> _SOURCE MATERIAL_
»»
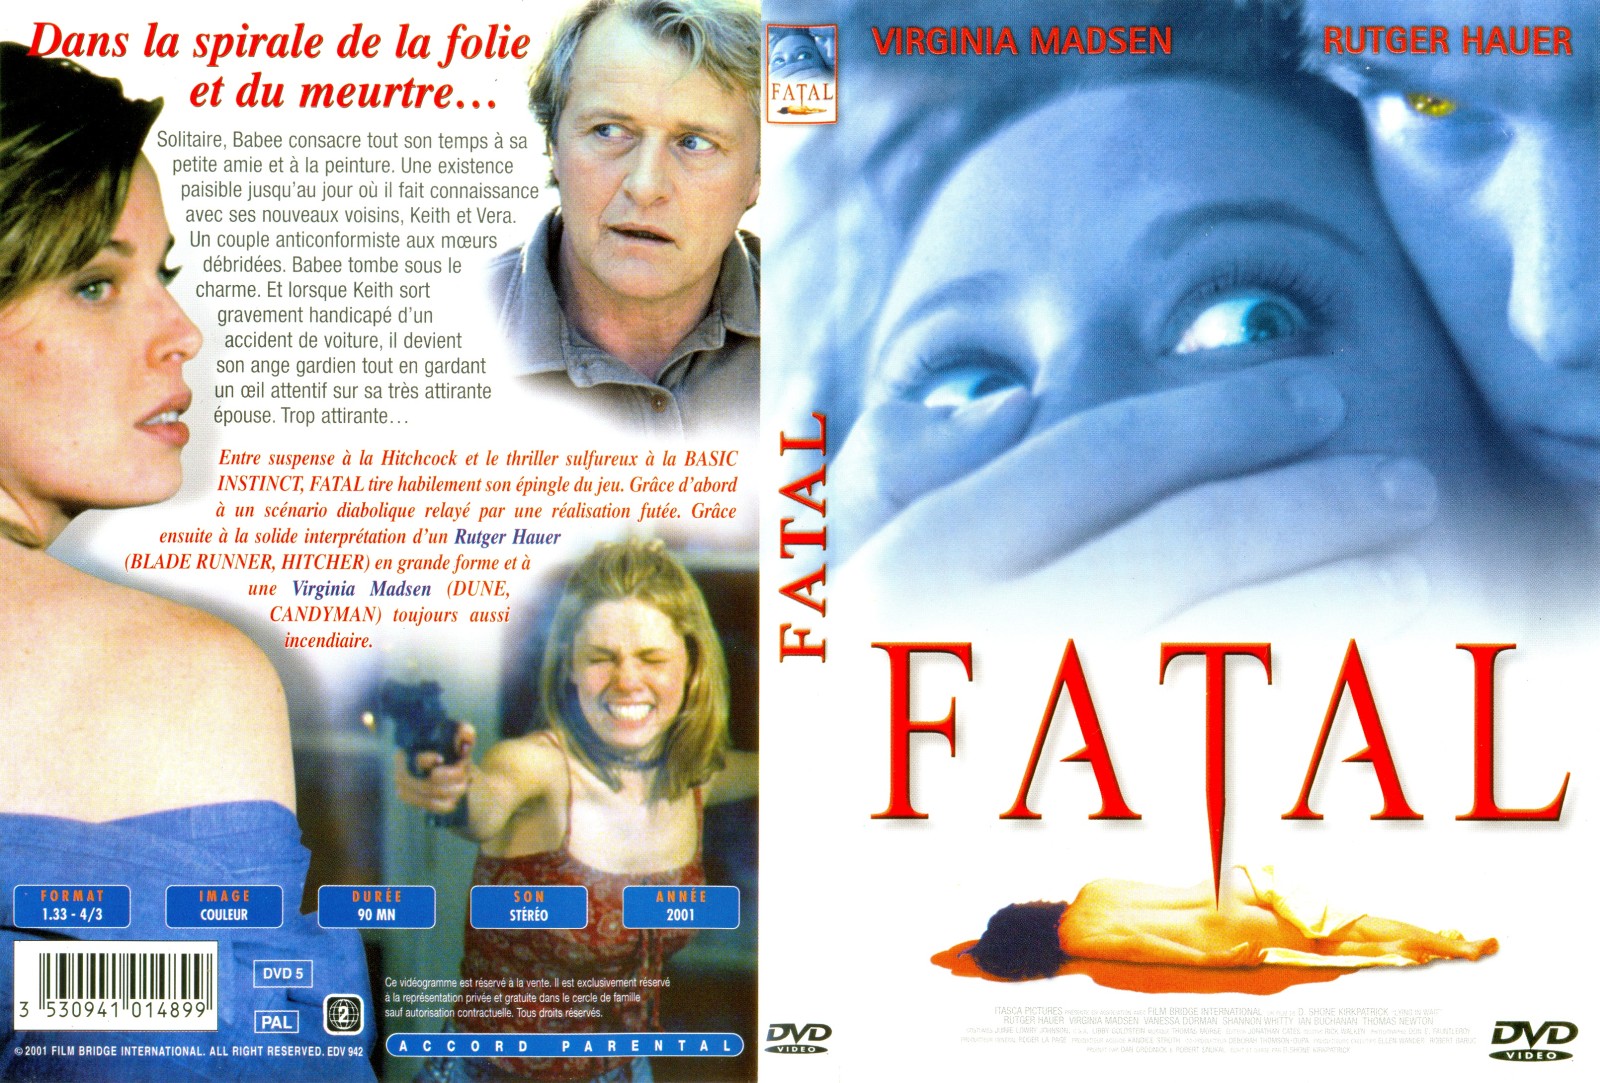 Jaquette DVD Fatal v2
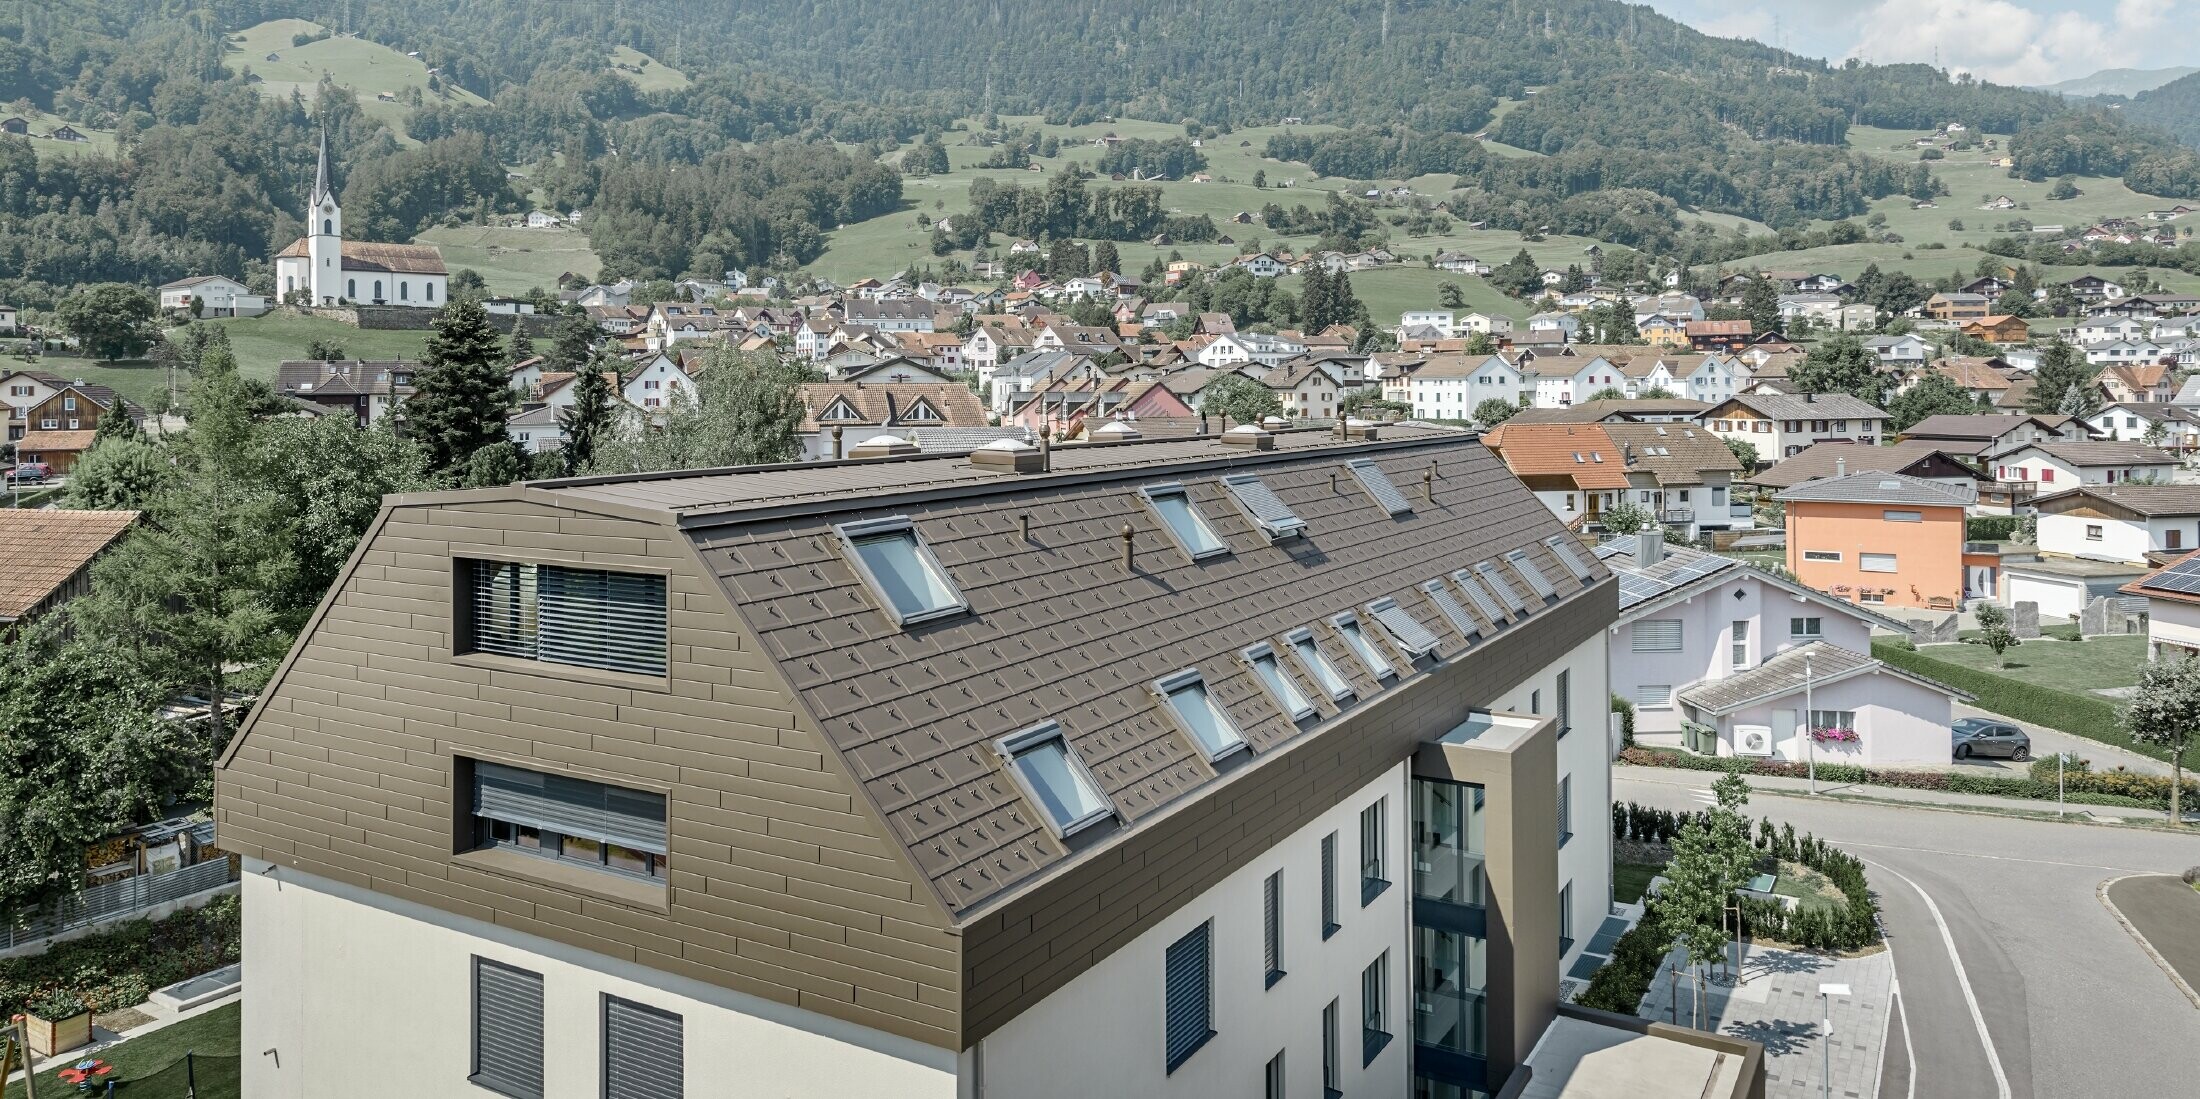 Dachgeschoßausbau des Wohnhauses in Wangs mit braunen Alu-Paneelen von PREFA für Dach und Fassade.
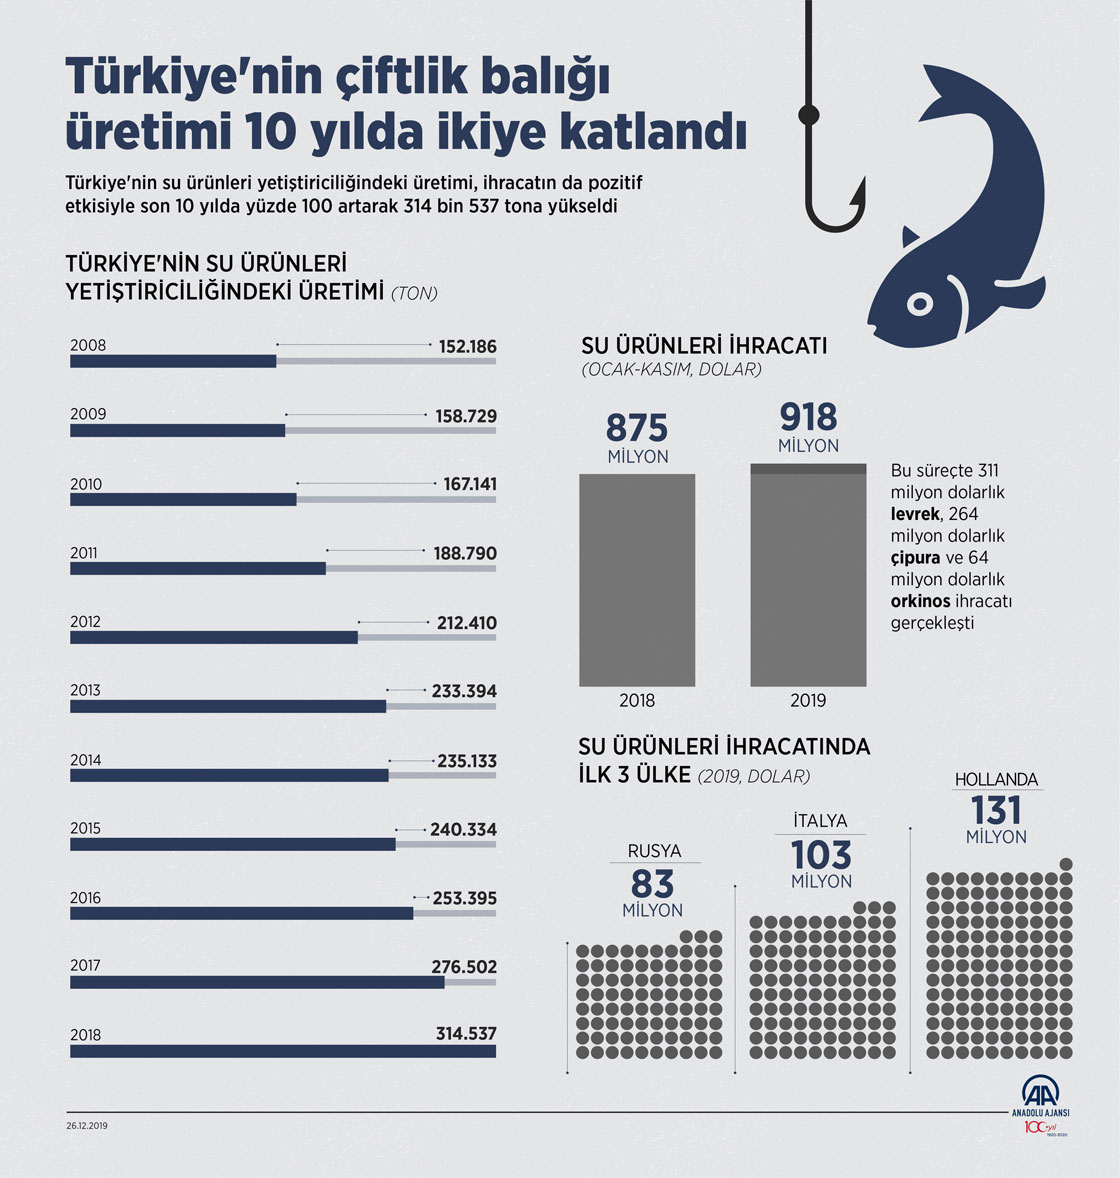 Türkiye'nin çiftlik balığı üretimi 10 yılda ikiye katlandı
««
> _WHAT IS NEEDED_
Beginning with the line that contains "Dachgeschoßausbau des Wohnhauses" and ending with the last line of the data, restate each line word for word. Exclude the pictures.

> _RESULT OF THIS TASK_
 Dachgeschoßausbau des Wohnhauses in Wangs mit braunen Alu-Paneelen von PREFA für Dach und Fassade.
 Türkiye'nin çiftlik balığı üretimi 10 yılda ikiye katlandı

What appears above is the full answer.